### GIVEN MATERIAL
━━━━━━━━
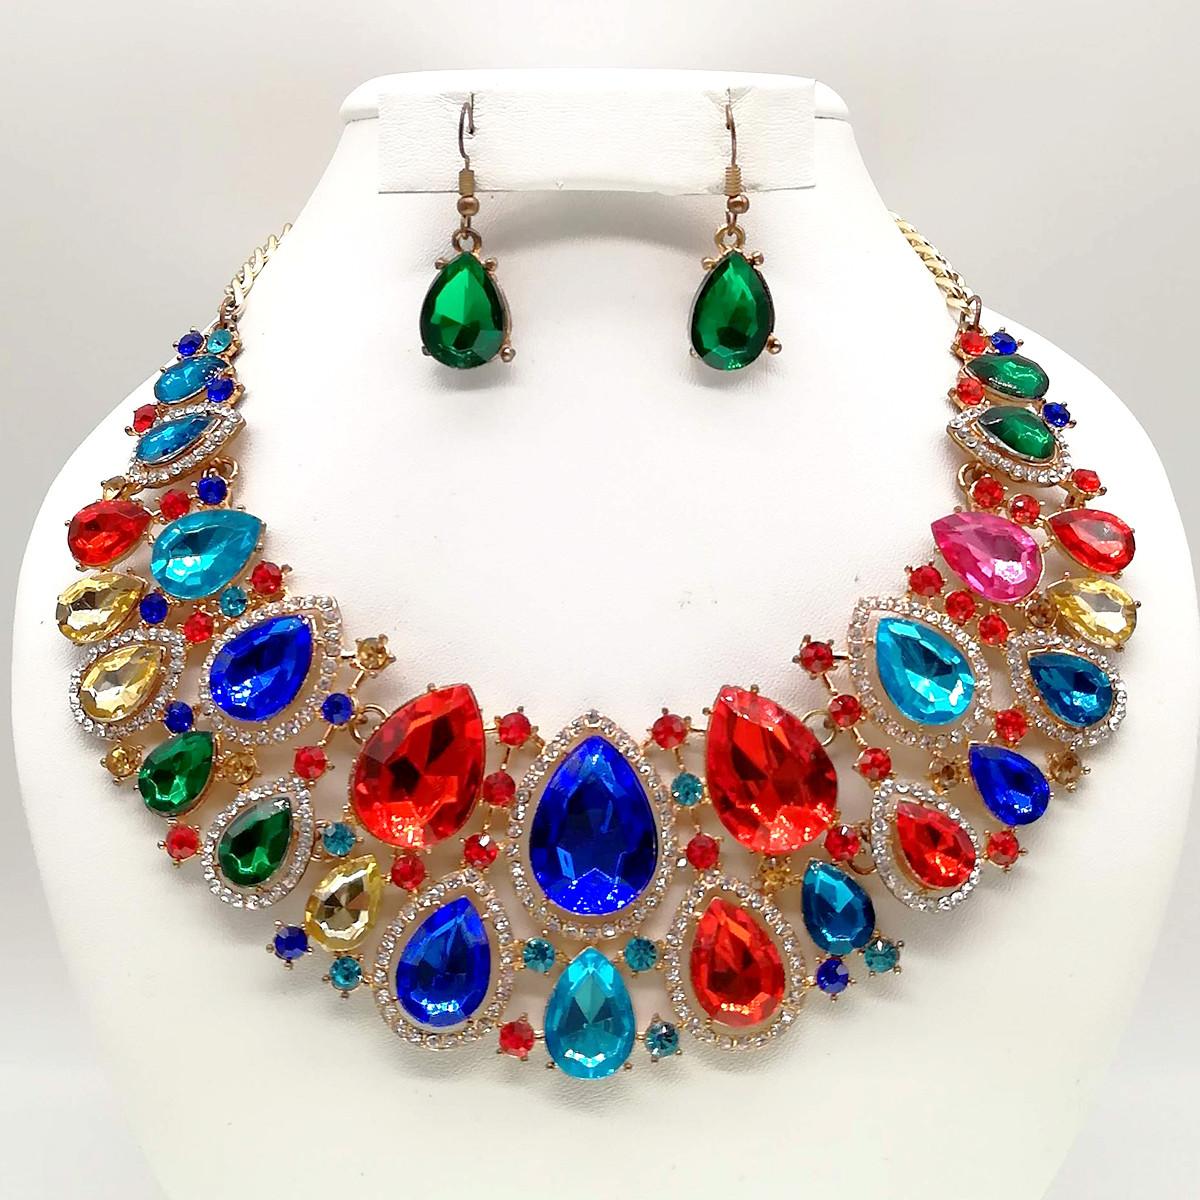 Комплект SONATA (Колье + серьги), разноцветные камни, позолоте 18К, 63250                      (1)
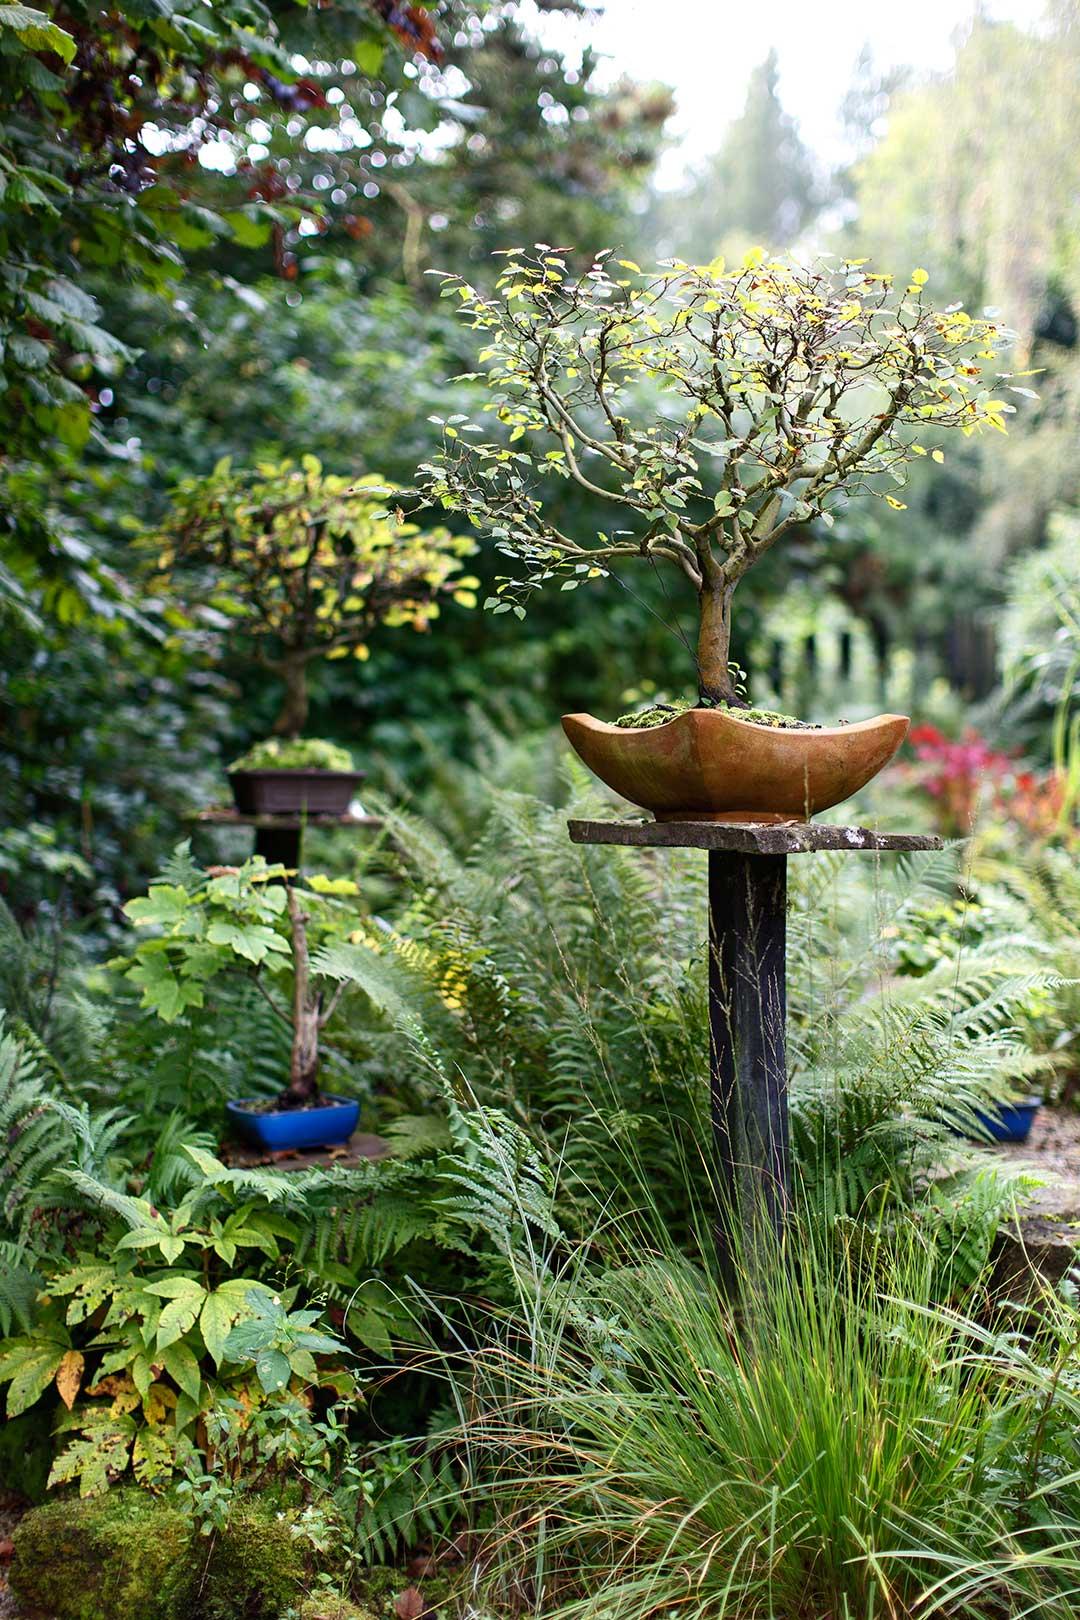 Architekturfotografie: Bonsai im Garten | Foto: Dieter Eikenberg, imprints
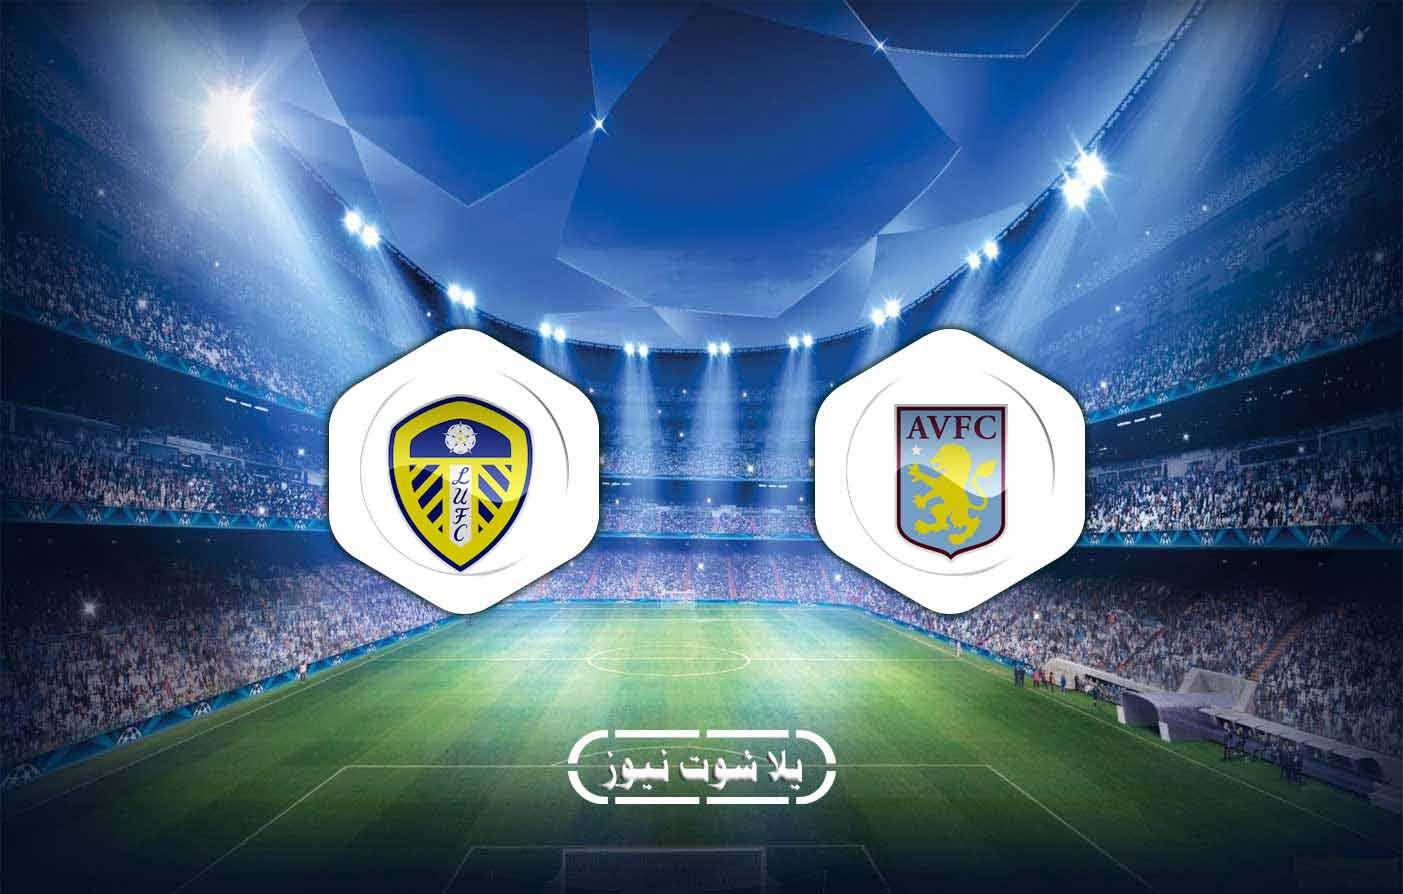 ملخص مباراة أستون فيلا 0-3 ليدز يونايتد بتاريخ 2020-10-24 الدوري الانجليزي
━━━━━━━━
### TASK STATEMENT
Copy the listing above word for word. Do not include the pictures.

### ANSWER BOX
 Комплект SONATA (Колье + серьги), разноцветные камни, позолоте 18К, 63250                      (1)
 Architekturfotografie: Bonsai im Garten | Foto: Dieter Eikenberg, imprints
 ملخص مباراة أستون فيلا 0-3 ليدز يونايتد بتاريخ 2020-10-24 الدوري الانجليزي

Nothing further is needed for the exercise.